Monday, July 07, 2014

Adding Perishable Items to Foods Offered by Food Banks and Pantries

Quality fruits, vegetables, dairy products and meat are essential to a balanced diet but can be expensive and difficult for food assistance programs to provide on a regular basis. To fill that gap, the Food Bank rescues fresh foods from area grocers and wholesalers and distributes them throughout our 21-county Central Texas service area.  -Capital Area Food Bank of Texas
In fiscal year 2014, City Harvest will collect 46 million pounds of food, greater than the total amount of food collected in its first 14 years combined.  Sixty percent of this total will be comprised of fresh fruits and vegetables.  At City Harvest, we recognize our responsibility to the people we serve and ensure the highest food safety standards in every facet of our food rescue operations.  We take careful steps to ensure that each pound of food is rescued and delivered safely.-City Harvest (which serves the New York City metropolitan area).

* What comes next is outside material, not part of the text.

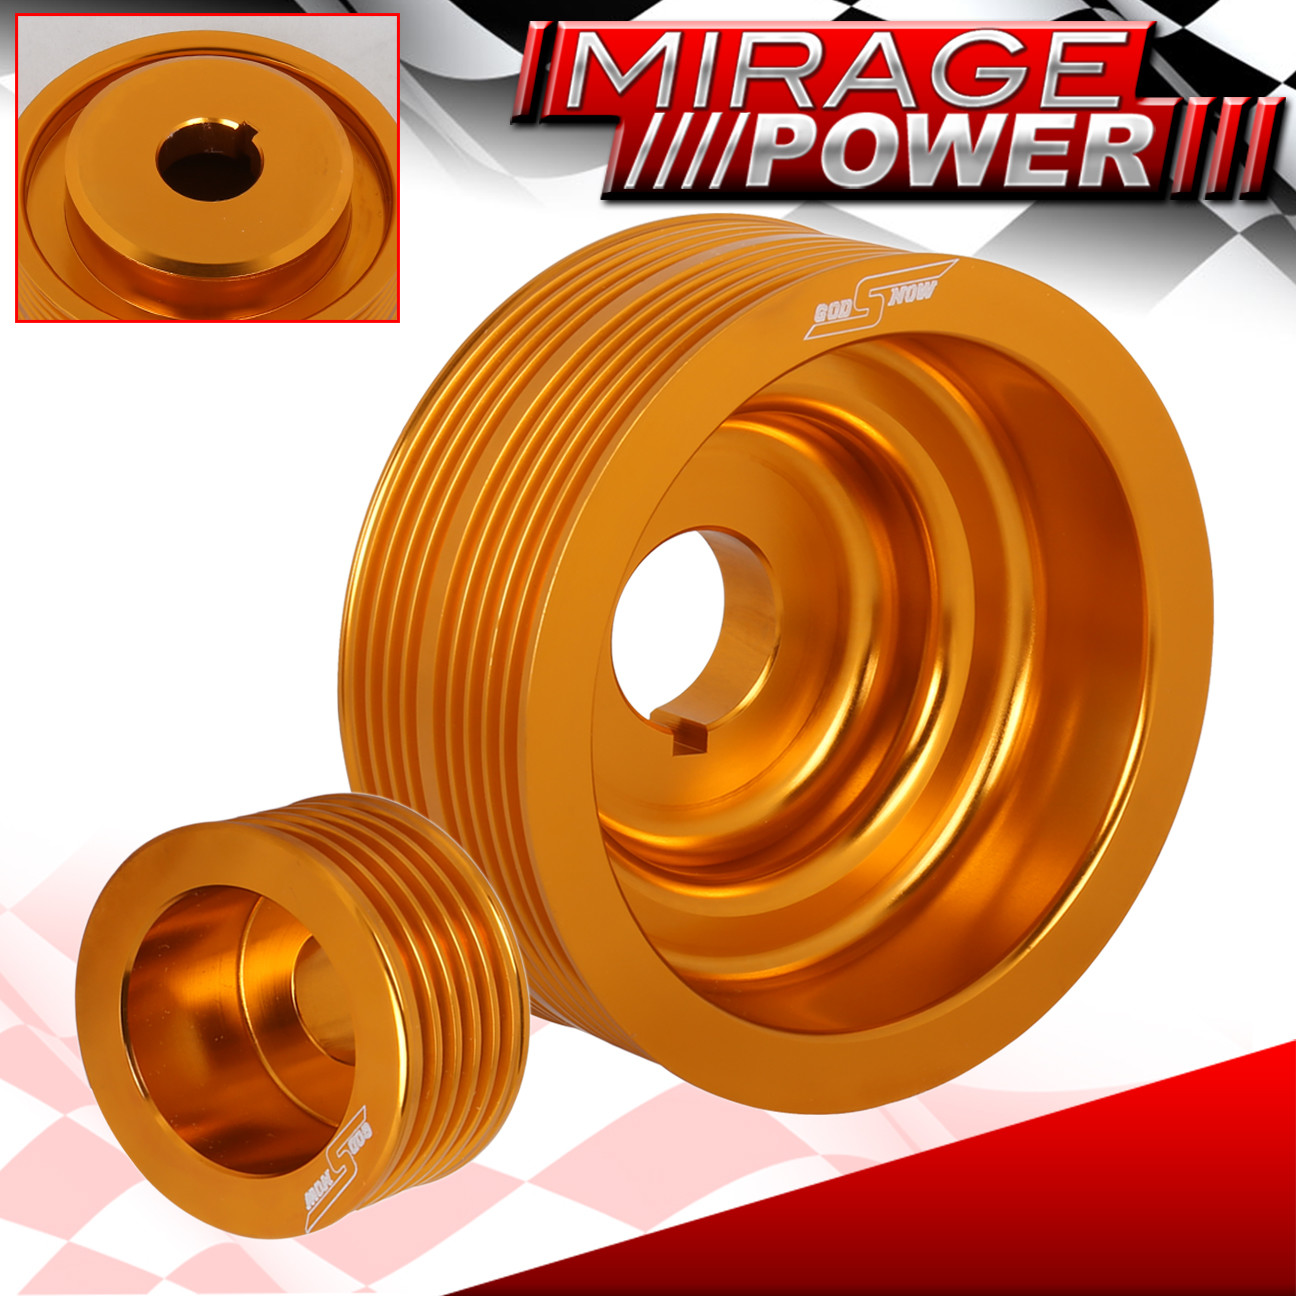 For Subaru Impreza Wrx 7 8 9 20l Turbo Jdm Gold High Under Drive Ej20k Timing Belt Pulleys Crank Pulley

Hungry people benefit from rescued food providing a more well-rounded, balanced meal and diet. For the Food Bank, the program helps us secure food we would otherwise not have to distribute and ensures we always have a variety of different food available in our warehouses. There are benefits for the food donor too. Rescued food prevents good food from being thrown away and diverts food from landfills. It also helps food industry donors reduce disposal costs and frees up valuable floor space for storage of surplus food. -Roadrunner Food Bank, Albuquerque

When a union, a non-profit group, business or sports team organizes a food drive, the appeal is for participants to donate non-perishable food items. There are non-perishable protein items (peanut butter, canned tuna and beans), non-perishable vegetables (canned peas, corn, green beans), and non-perishable staples (pasta, rice).  These foods, in and of themselves, are valuable items to put in a food box.

Fighting hunger has become more holistic and nutrition-oriented, however, which means that perishable items have to be included in the mix. Capital Area Food bank of Texas (based in Austin), City Harvest in the New York City metropolitan area, Roadrunner Food Bank in Albuquerque and food banks and pantries around the country make every effort to ensure that fruits and vegetables, dairy products and meat are a part of the food items that are offered to client agencies.

One of the workshops at the End Hunger in New Mexico Summit on July 17-18, entitled Food Rescue in New Mexico, will examine the relationship between donations and nutrition, and how food rescue is important in this equation. This workshop will be led by Julie Anderson (Food Rescue Manager, CFR, Roadrunner Food Bank of New Mexico), Sherry Hooper (Executive Director, The Food Depot) and Hilda Kendal (COO, Community Pantry of Gallup and Grants)
Presenters will share stories of how engaging students, school food service directors, teachers, farmers, agencies, organizations and policymakers can change the health of children through school gardens, innovative nutrition education, getting NM grown fruits and vegetables into school meals, and how changing policies can benefit the health of our children and our farming economy. Listen to each manager on the Food Bank Program they manage. They will discuss the process necessary to rescue food and the rules and regulations around it. You will leave with the knowledge of who are the donors and why this has been such a successful program.    
A Refrigerated Truck for St. Felix Pantry in Rio Rancho
St. Felix Pantry in Rio Rancho wants to enhance its ability to provide perishable food items, and is close to raising enough money to acquire a refrigerated truck. A large share of the $58,000 cost of the truck is covered by a generous donation from the Masons, Albuquerque Lodge Number 60. 

“We still have requests out there for the balance of $18,000 in order to have the total amount necessary to buy a new $58,000 refrigerated truck that will be used daily,” said Manuel Casias, vice president of development at St. Felix. “This truck would serve as one of the necessary vehicles used for the St. Felix Pantry Rescue Food Program, which collects and redistributes nearly 1.9 million pounds of food each year that would otherwise end up in landfills.

“It will collect rescued food venues, including restaurants, schools and businesses, repackaged and donated to people in need,” added Casias.

Read more about Masons' donation in  Albuquerque Journal

Incidentally,Jack Bunting, President/CEO, St. Felix Pantry, will also co-present at a workshop at the End Hunger in New Mexico Summit. The workshop is entitled Collaboration not Competition -“Building Collaborative Partnerships” 
The Purpose of this workshop is to capture the importance of forming collaborative relationships to raise support and to expand needed services. We will examine the value of collaboration; demonstrate the effectiveness of collaboration and offer practical examples on creating powerful collaboration with other organizations.